I like the direction this proposal is going, and I agree with your premises. I don't think that Sequence is carrying its weight, and I agree that anything actually single pass that is modeled in terms of Sequence is probably broken in practice.

I think that merging Sequence into Collection is very tantalizing and making a separate Stream protocol makes a lot of sense.

I would love to see this happen, but it is also hard to evaluate the effects and details of this proposal, I think those details can only be understood with a prototype implementation.

-Chris

7 Likes

If you are going to be pedantic, the very act of iteration imposes an order, even if that order is ephemeral. The name unorderedElements() implies no reliable ordering, and that seems good enough. As I understand it, one of the issues with sets and dictionaries is the requirement that order be preserved across iterations, provided no mutations of state. The proposed name implies that this requirement has been dropped, and it implies that the order may be arbitrary.

1 Like

FWIW, that's a misunderstanding. There's no desire to allow consecutive iterations to present different orderings. In fact doing anything that changed the iteration order in subsequent passes would break thread-safety of these value types (or would require that they employ expensive and otherwise-unneeded locks and/or atomics).

HTH,
Dave

3 Likes

Thank you for explaining. I still think there's a difference between what we desire for implementation reasons and what expectations we wish to set for the application developer. Even if some hypothetical hardware architecture made variance impossible, we'd still want the app developer to write code as if there could be.

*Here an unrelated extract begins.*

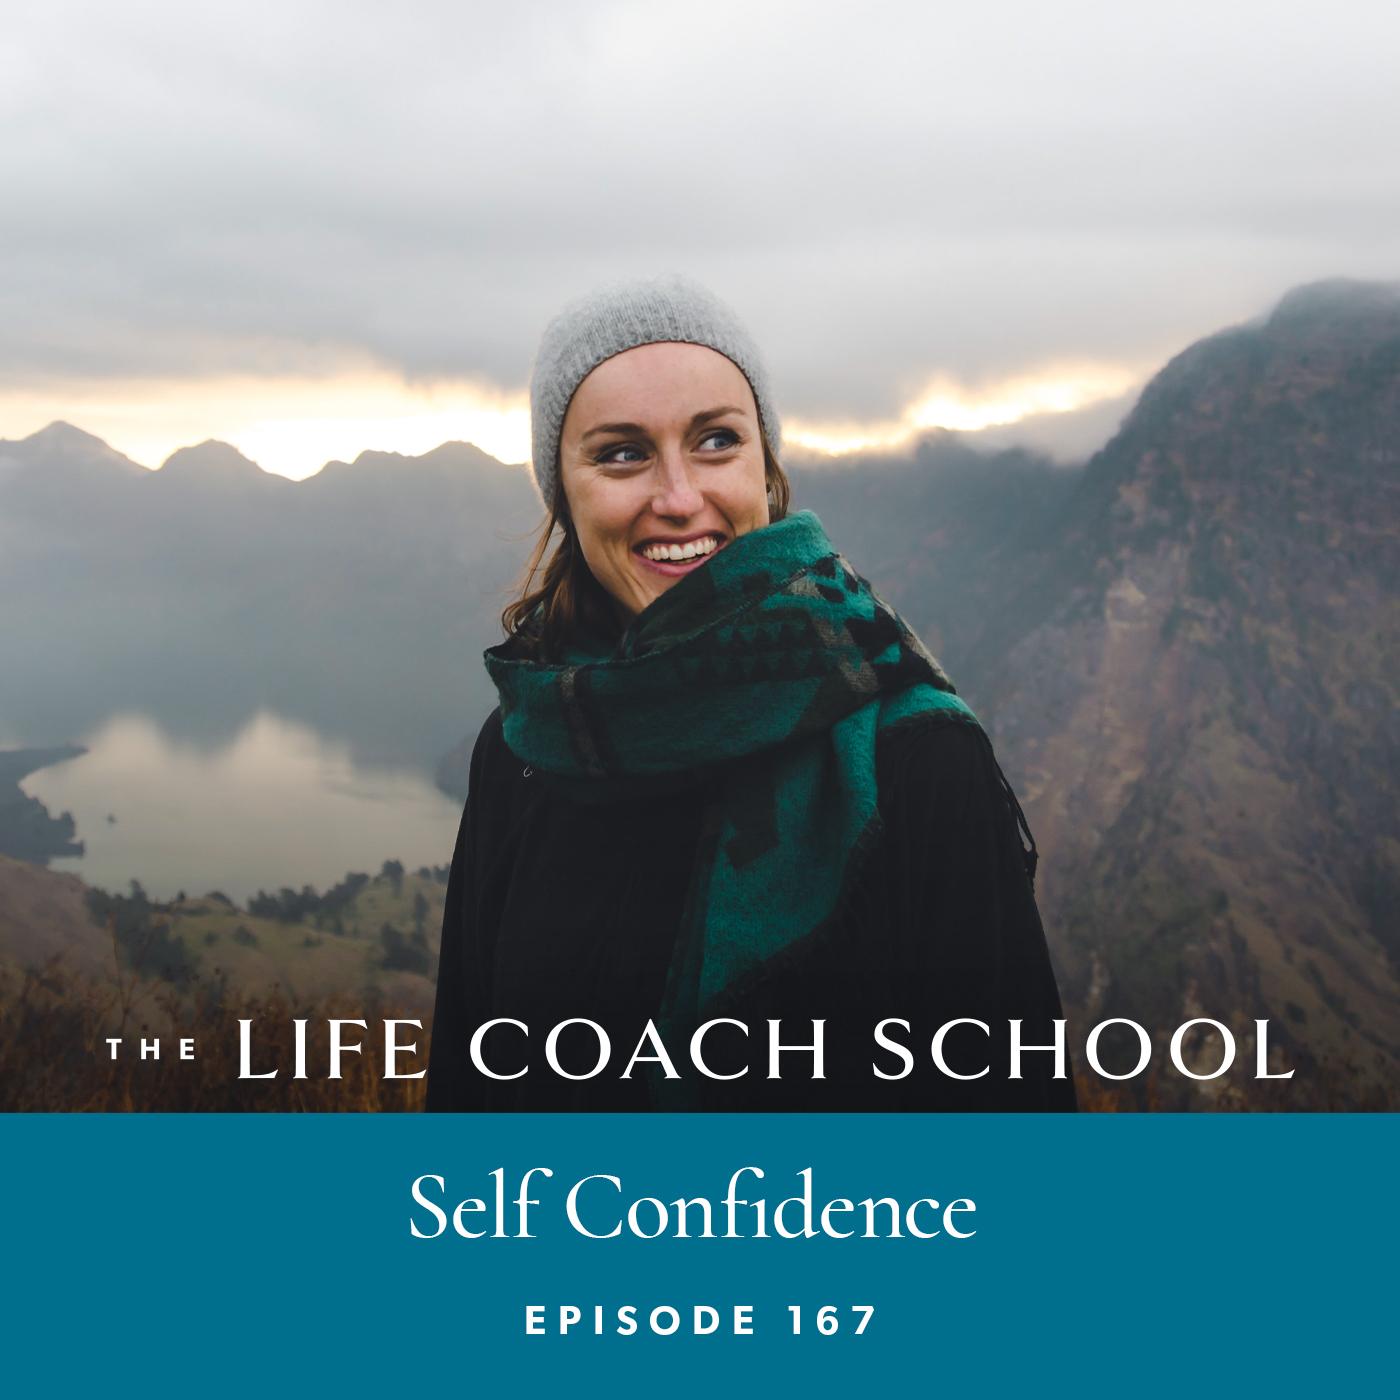 The Life Coach School Podcast with Brooke Castillo | Episode 167 | Self-Confidence

Maybe you would. I would not, FWIW.

I think I understand a bit better now. Please let me know if I got it.

A Sequence guarantees nothing with respect to multiple passes, not even that a second pass will be possible. A Collection guarantees both that 1) multiple passes will be possible, and 2) iteration order follows Index order. Thus, if nothing disturbs the indexes (i.e. no mutations), the iteration order must be preserved across successive passes.

If the above is correct, than unorderedElements() is indeed a poor name, because it implies that one of the requirements of Collection is not true.

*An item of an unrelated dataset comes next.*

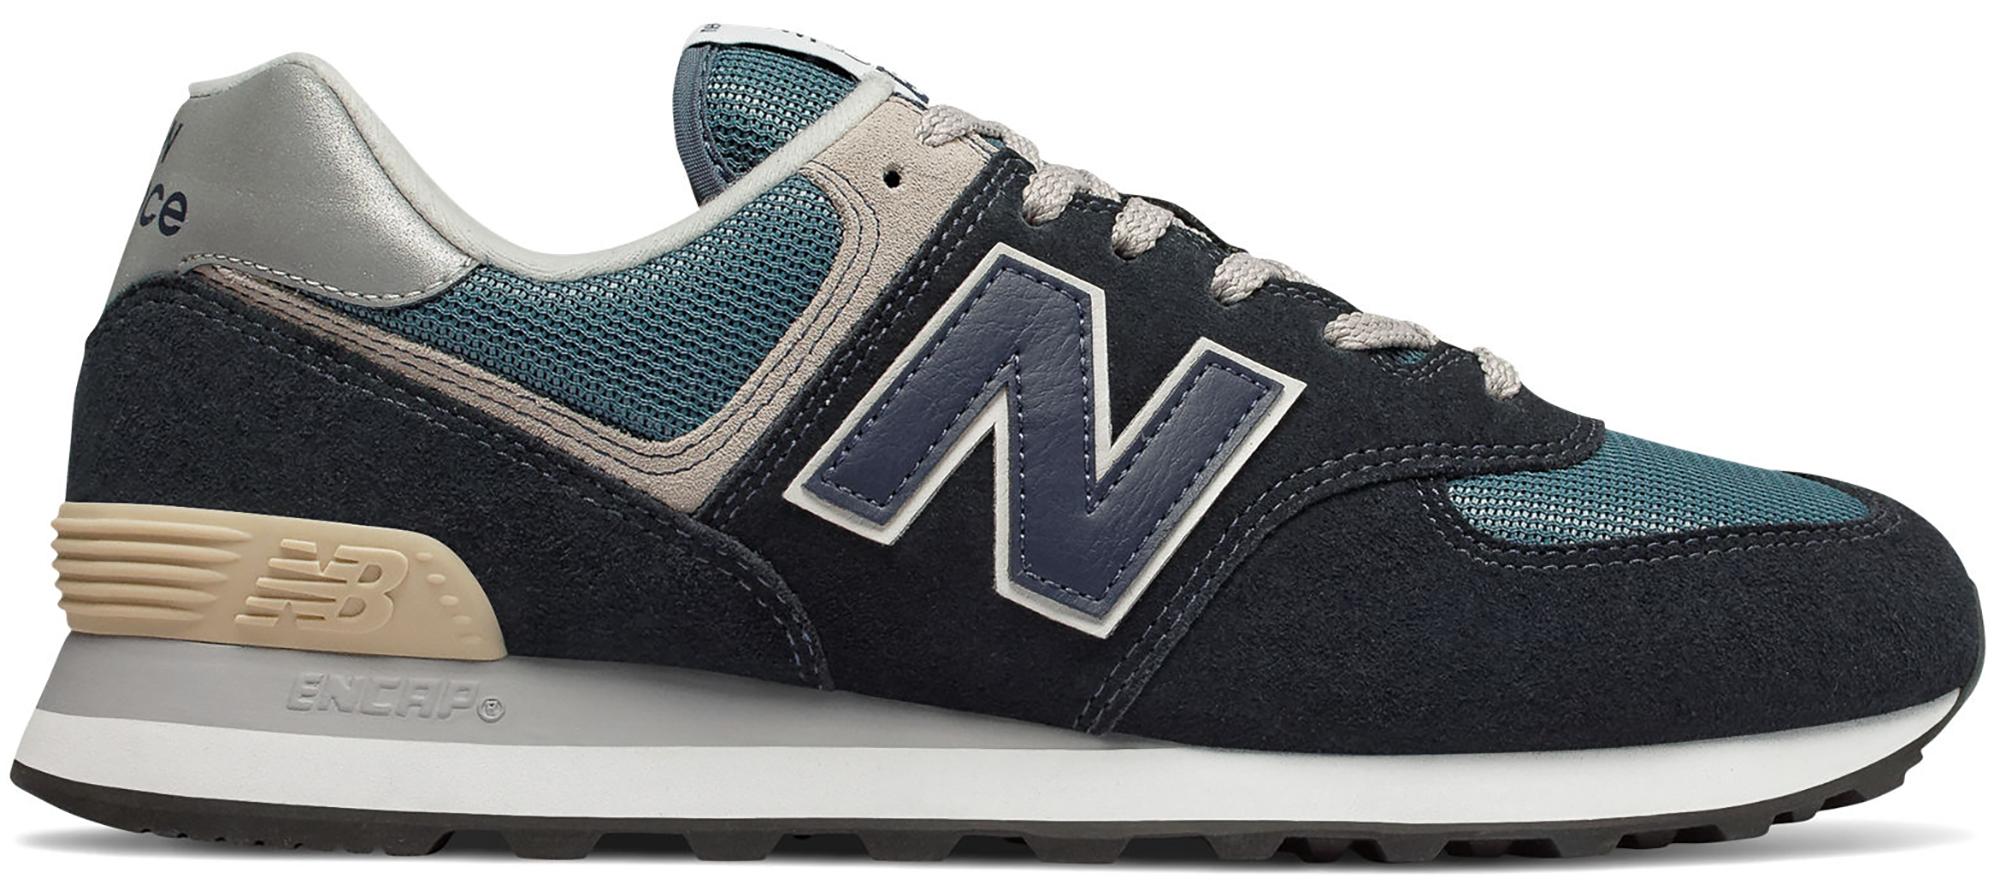 New Balance 574 Dark Navy Marred Blue

Perhaps a better name would be arbitrarilyOrderedElements(), or indexOrderedElements().

It isn't so much across multiple passes as the fact that Sets and Dictionaries which are equal may have different orderings based on implementation details and how they were created. This has caused errors when people expected them to have a defined order that was the same for given content.

The idea with unorderedElements() is that you are able to iterate over the elements, but there is no guarantee at all on the order of elements. To get a guarantee of ordering, you need a sub-protocol like Collection.

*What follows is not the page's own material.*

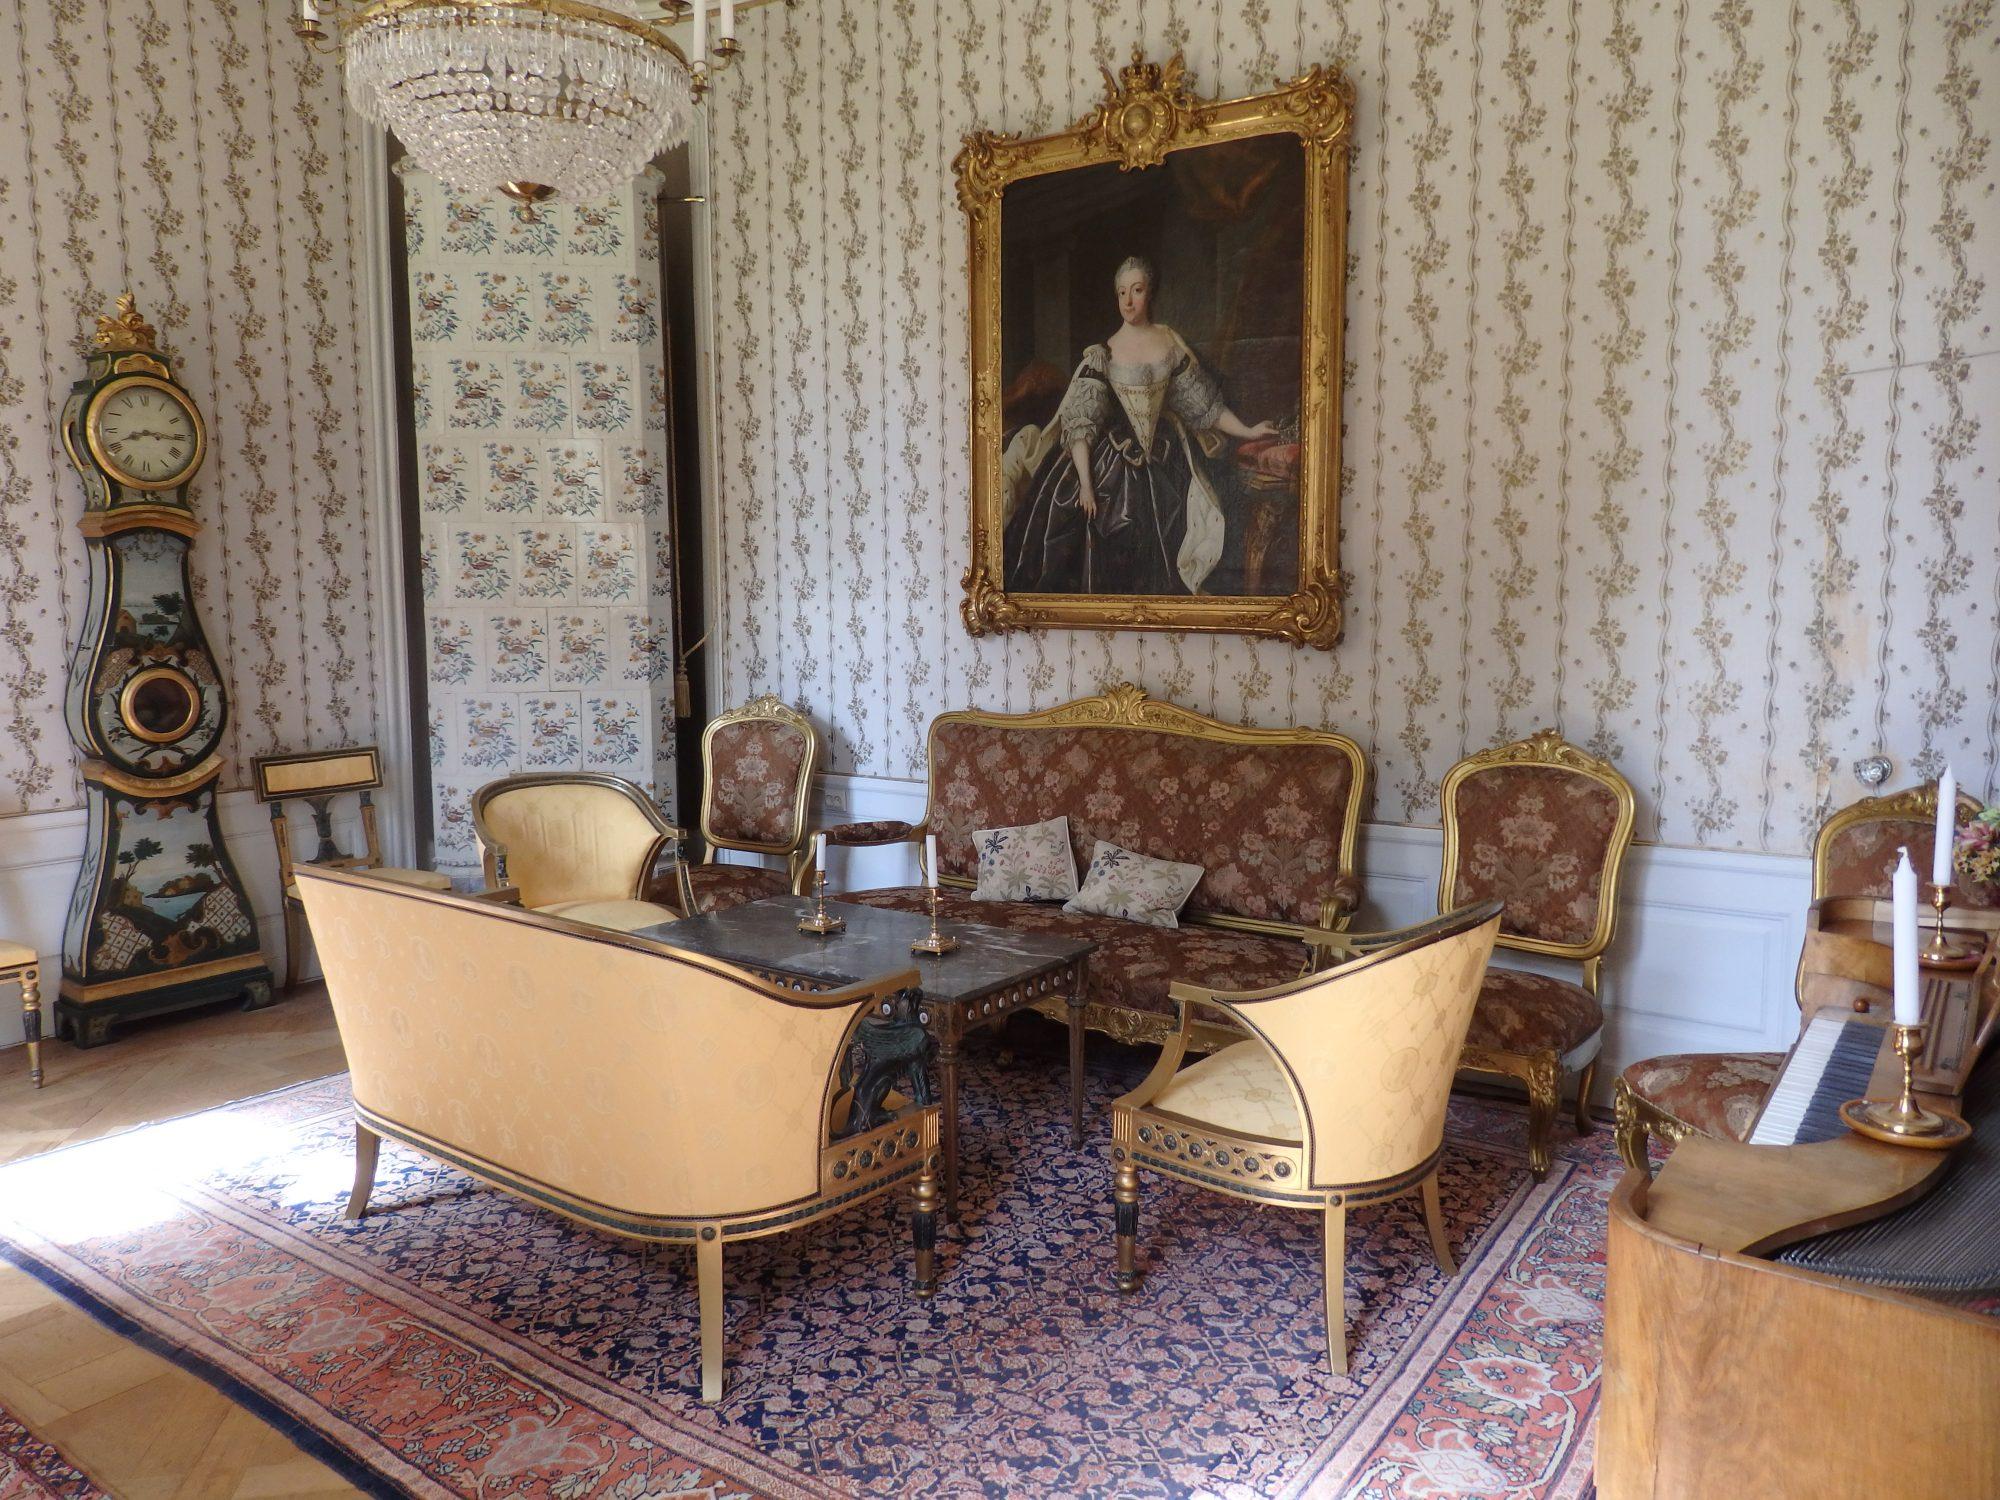 one of many lovely rooms inside Sparreholms manor, Sormland, Sweden

But what is that index order for a Set containing the integers 1, 2, & 3? There are 6 possibilities and you may run into any of them for equivalent Sets based on internal implementation details of Set leaking out (details which might change in future releases). We really shouldn't be relying on that ordering in these cases... hence unorderedElements() for Set and Dictionary, and a defined ordering for things that naturally have one.

I was thinking in terms of Collection, and not your proposed Container protocol. (Lost track of the thread.) indexOrder() indeed makes little sense in that context.

I too would like to see some code.